Materials and Methods

Detailed protocols are provided in the Appendix; a brief overview of the methodology is presented below.

Specimen Preparation

Disc-shaped specimens were fabricated using 4 zirconia powders: Zpex (3YSZ; Tosoh), Zpex4 (4YSZ; Tosoh), Zpex Smile (5YSZ; Tosoh), and TZ-8YSB (8YSZ; Tosoh), following previously reported protocols (Kurihara et al 2023). 8YSZ was prepared as the c-phase reference (Matsui et al 2008; Nakamura et al 2024). In total, 42 specimens were sintered at 1,500 °C for 2 h (diameter: 13.5 mm; thickness: 1.3 mm). Six specimens from each group were polished as previously reported to minimize the influence of surface irregularities and machining-related damage on crystallographic characterization (Shishido et al 2023). The remaining 3–5YSZ specimens were subjected to autoclave-induced LTD at 134 °C and 0.2 MPa for 50 h to induce m-phase transformation (Nakamura et al 2015, 2016).

Synchrotron-Based XRD

XRD analysis was performed at beamline BL8S1 of the Aichi Synchrotron Radiation Center using monochromatic X-rays (9160 eV; wavelength = 1.355 Å) obtained with a Si (111) monochromator. Diffraction patterns were collected over a 2θ range of 20° to 90° using a 2-dimensional pixel array detector (Pilatus 100K; Dectris). Three specimens per group were randomly selected for measurement. Scanning was conducted at a speed of 10°/min with an angular step size of 0.01°. Qualitative phase analysis focused on the 2θ = 62.5°–65.0° (equivalent to 72°–76° for Cu Kα₁ radiation), where t-, t′-, and c-phase peaks are distinguishable (Nakamura et al 2024). The 2θ range of 23° to 29° was also examined to detect m- and r-phases. Quantitative phase analysis was conducted via Rietveld refinement using TOPAS Academic V7 (Coelho software) (Nakamura et al 2022, 2024).

Synchrotron-Based XAFS

XAFS spectroscopy was conducted at beamline BL11S2 of the Aichi Synchrotron Radiation Center. Scans were performed around the Zr K-edge (17998 eV) using Si (111) crystals over an energy range of 17,700 to 19,100 eV. XAFS measurements were performed using the conversion electron yield mode in a chamber purged with He gas at a flow rate of 300 mL/min. Each scan was completed within 9 min, with a step size of 0.33 eV.

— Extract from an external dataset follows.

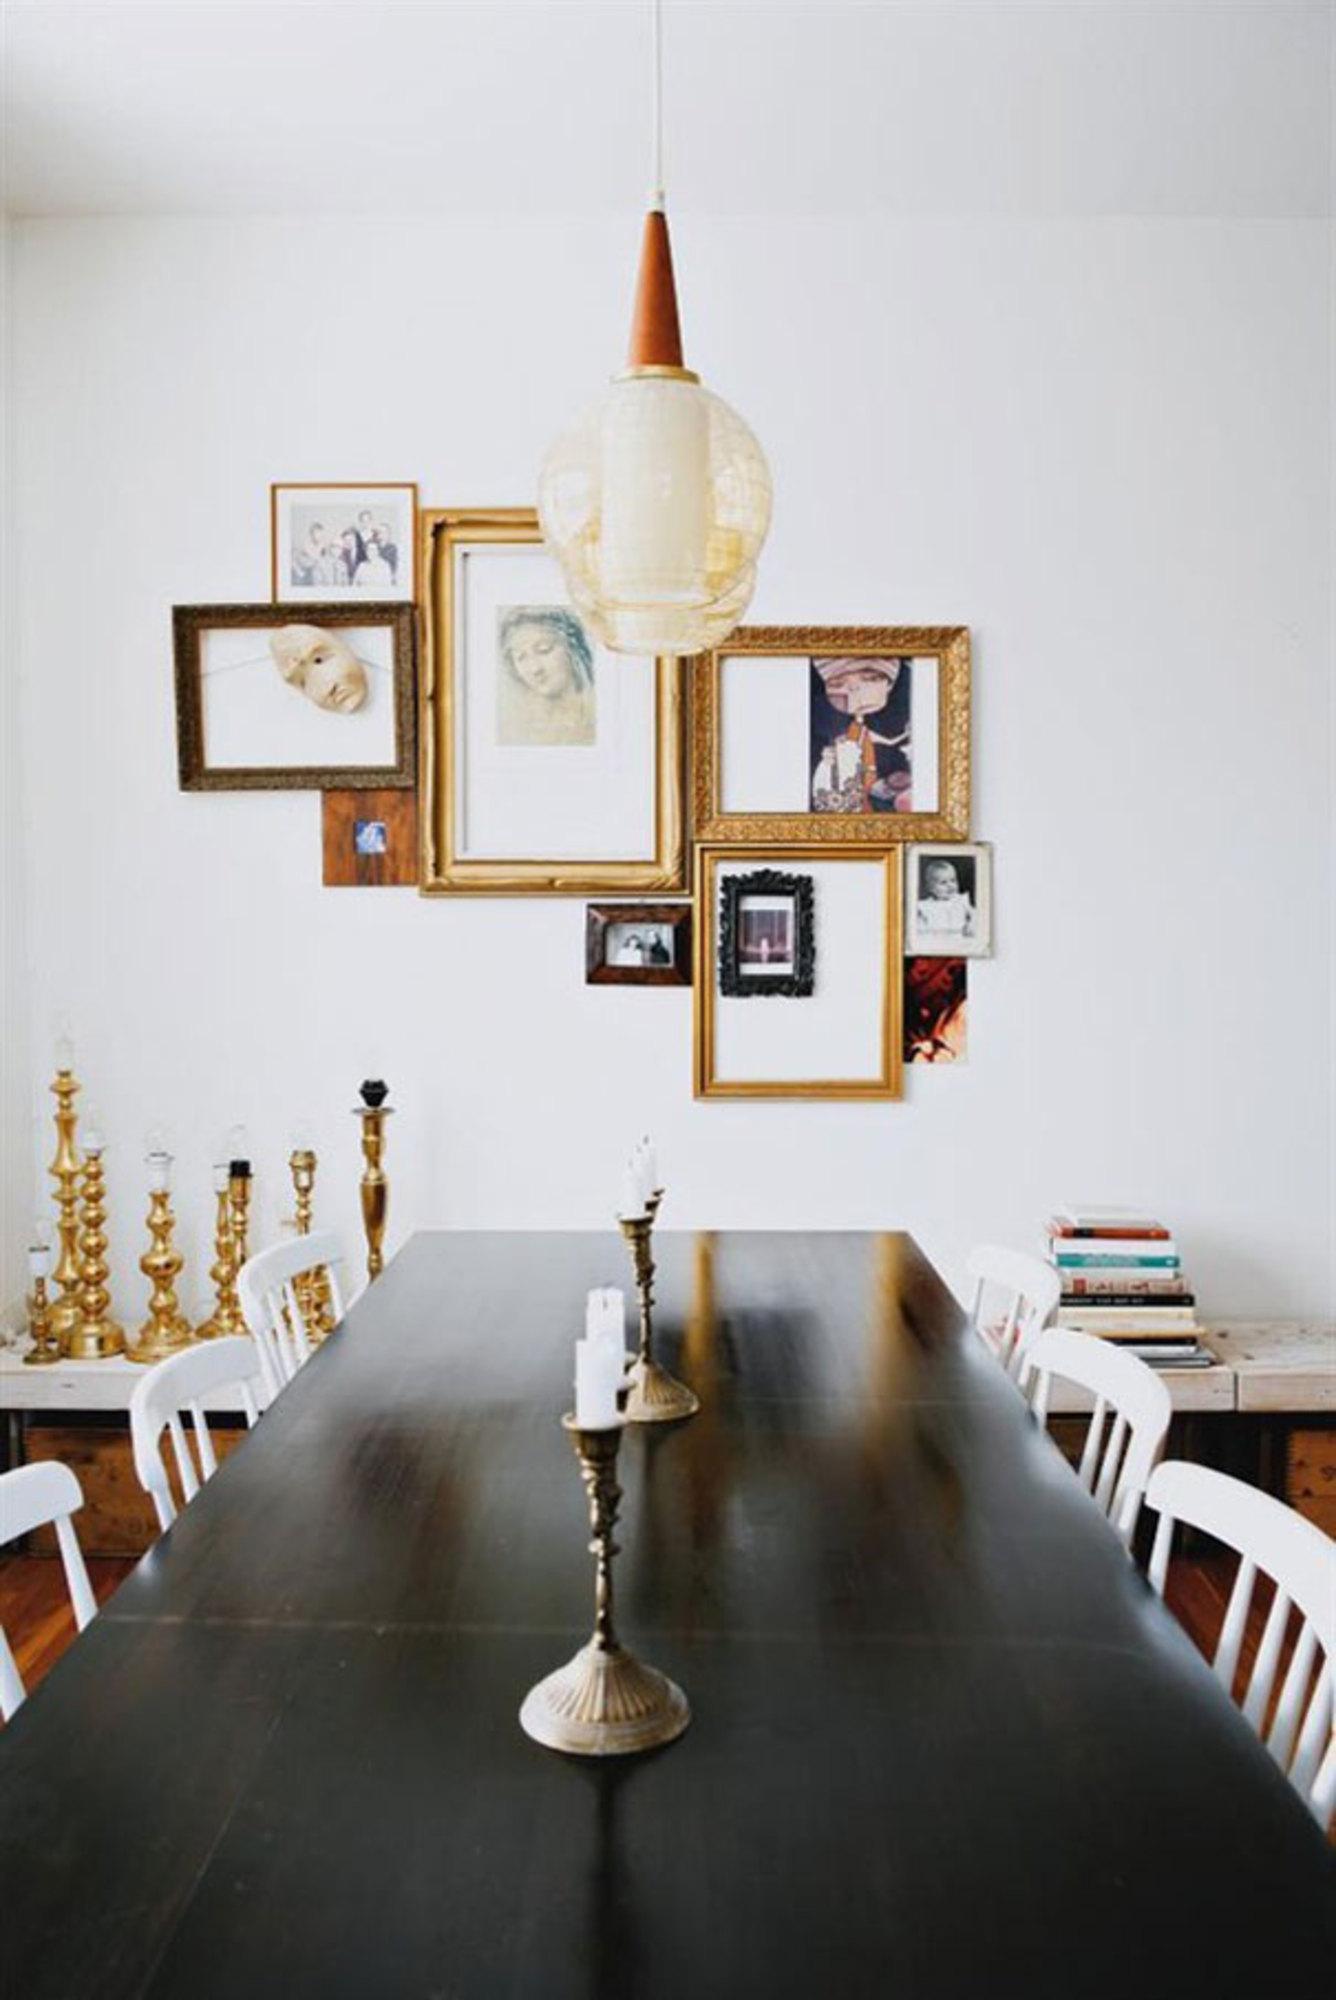 decoracao de sala barata e bonita:SOLUÇÕES DE DECORAÇÃO BONITA E BARATA

The XANES regions (17,980–18,090 eV) were analyzed using the Athena software package (Ravel and Newville 2005). As no single theoretical model is available for fitting the XANES region (Kurisaki et al 2008; Rehr and Ankudinov 2005), the analysis was primarily qualitative, focusing on the white-line profile. Additionally, first-derivative plots of the XANES spectra were obtained to evaluate the pre-edge peak at ~18,005 eV.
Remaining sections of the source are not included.